# Loading Text Data

#### TorchText
TorchText help to load/preprocess NLP datasets, you can follow a nice tutorial [here](https://towardsdatascience.com/how-to-use-torchtext-for-neural-machine-translation-plus-hack-to-make-it-5x-faster-77f3884d95) and oficial doc is: [here](https://torchtext.readthedocs.io/en/latest/index.html)

![alt text](docs/imgs/torchtext_diagram.png "Title")

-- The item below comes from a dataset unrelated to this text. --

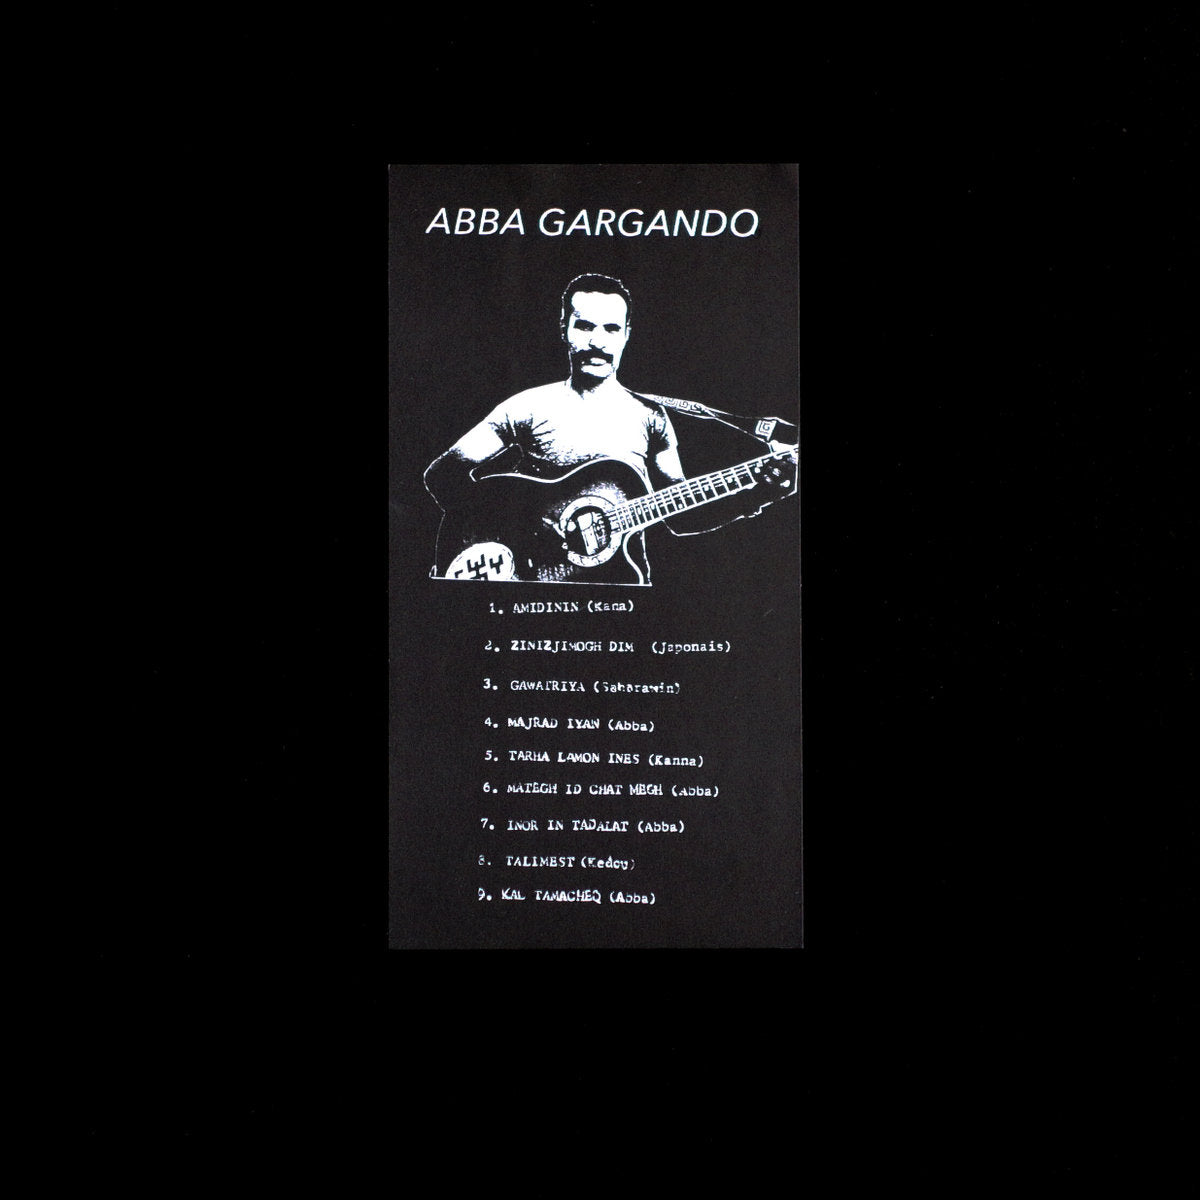 ABBA GARGANDO - ABBA GARGANDO Vinyl LP

Main features of TorchText:
* Ability to define a preprocessing pipeline
* Batching, padding, and numericalizing (including building a vocabulary object)
* Wrapper for dataset splits (train, validation, test)
* Loader a custom NLP dataset

#### Spacy
It's a production library to help NLP tasks, it's main features
* Tokenization (What we want now)
* Part-of-speech tagging
* Similarity
* Serialization

Spacy is a library that has been specifically built to take sentences in various languages and split them into different tokens.

![alt text](docs/imgs/spacy_diagram.png "Title")

For examples and tutorials check [here](https://spacy.io/usage/spacy-101)

#### Tokenizer and Indexing
First we need to transform our senteces into tokens and then into indexes of words.

![alt text](docs/imgs/tokenizer_indexing.png "Title")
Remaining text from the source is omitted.